Certes, on ne peut pas trancher définitivement à l’avance sur la possible utilité de l’appel de Marianne. Mon refus est lié au sens que cela pourrait principalement avoir à partir d'une certaine analyse du contexte idéologique, et non point à la recherche d’un illusoire « pureté ». Tout acte politique est confronté à une incertitude historique relative. « Une dialectique dont le cours n’est pas entièrement prévisible peut transformer les intentions de l’homme en leur contraire, et cependant, il faut prendre parti tout de suite », nous rappelle lucidement Maurice Merleau-Ponty(11). Nos paris peuvent donc se révéler erronés. Les erreurs font partie d’un voyage infini vers un horizon de vérité.

Notes :

(1) Voir, par exemple : la prise de position du collectif des Economistes atterrés, « Refuser la dégradation des retraites, maintenir et
développer un système satisfaisant », novembre 2022
 ; « Une analyse du projet de réforme des retraites tel que le présente le gouvernement », par l’économiste Henri Sterdyniak, 15 janvier 2023 ; ou différentes interventions de l’économiste Michaël Zemmour sur son blog du mensuel Alternative Economiques.

(2) Bernard Manin, Principes du gouvernement représentatif [1e éd. : 1995], Paris, Flammarion, collection « Champs Essais », 2012.

(3) Voir Philippe Corcuff, « Nos prétendues "démocraties" en questions (libertaires). Entre philosophie politique émancipatrice et sociologie critique », site de réflexions libertaires Grand Angle, 5 mai 2014.

(4) Michel Onfray, Théorie de la dictature, Paris, Robert Laffont, 2019.

(5) Sur les risques de renforcement de l’extrême droite à l’issue de la séquence « retraites », voir les analyses du politiste Philippe Marlière, « Macron’s pension reform deepens France’s democratic crisis », blog EUROPP (European Politics and Policy, The London School of Economics and Political Science), March 23, 2023.
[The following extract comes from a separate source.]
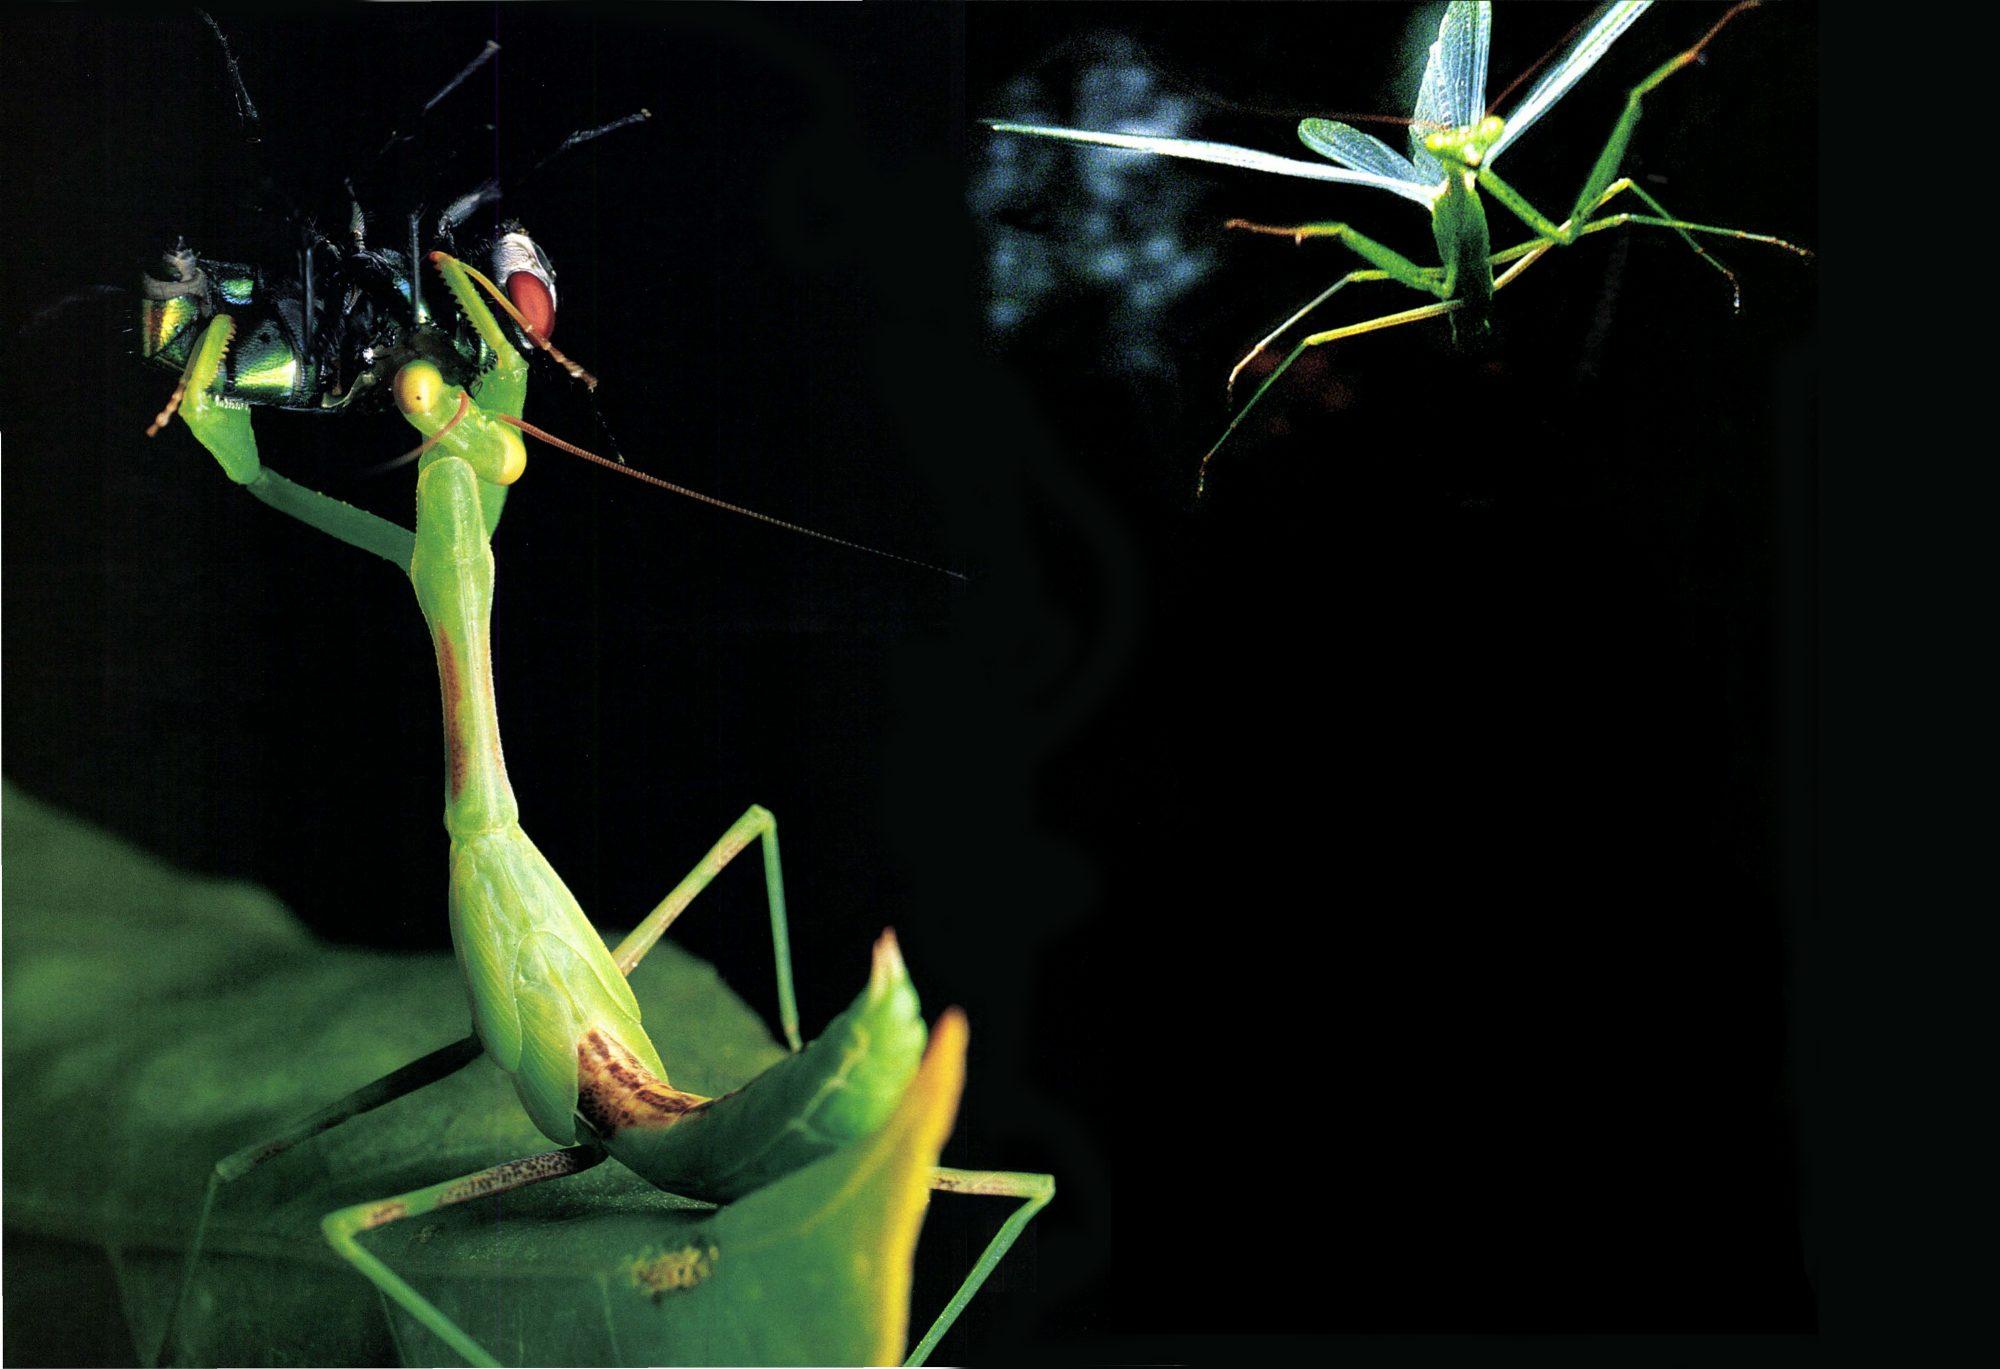 praying mantis eggs for sale australia
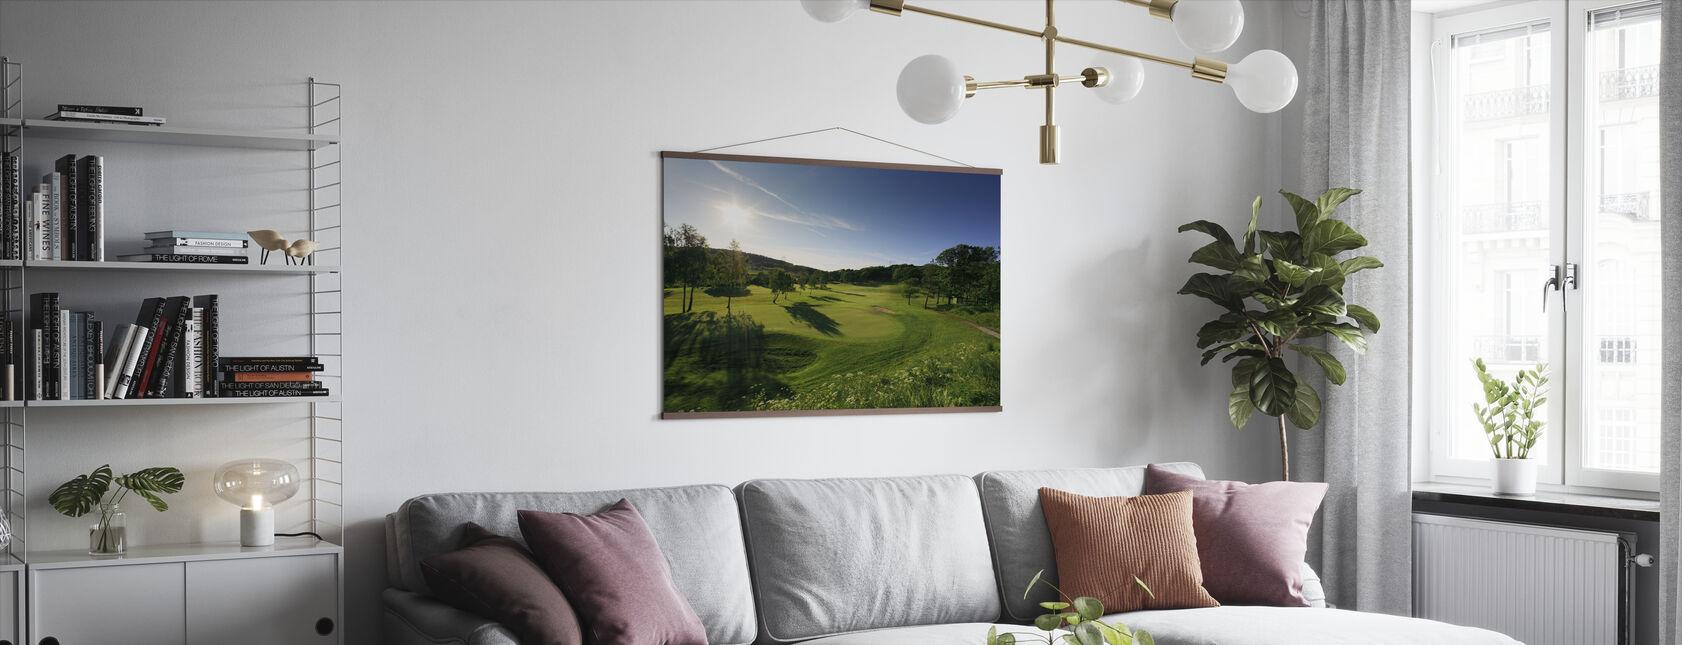 Golfbaan in Göteborg, Zweden - Poster - Woonkamer

(6) Voir Haoues Seniguer, La République autoritaire. Islam de France et illusion républicaine (2015-2022), Lormont, Le Bord de l’eau, 2022, et sur Mediapart son entretien avec Lucie Delaporte : « Islam de France : "La logique du soupçon est devenue la boussole de l’État français" », 23 décembre 2022.

(7) Thomas Hobbes, Léviathan. Traité de la matière, de la forme et du pouvoir de la république ecclésiastique et civile [1e éd. 1651], Paris, Editions Sirey, 1971, Partie II, chapitre XVII, pp. 173-178.

(8) Jean-Jacques Rousseau, Du contrat social [1e éd. 1762], Paris, Garnier-Flammarion, 1966, Livre II, chapitres II-III, pp. 64-67.

(9) « La France est une République indivisible » proclame l’article premier de la Constitution actuellement en vigueur du 4 octobre 1958. L’article 25 de la Constitution du 24 juin 1793 déclare, quant à lui : « La souveraineté réside dans le peuple ; elle est une et indivisible ».

(10) Hannah Arendt, Qu’est-ce que la politique ? [manuscrits de 1950-1959], Paris, Seuil, 1995, p. 31.

(11) Maurice Merleau-Ponty, Humanisme et terreur. Essai sur le problème communiste [1e éd. : 1947], Paris, Gallimard, collection « Idées », 1980, p. 158.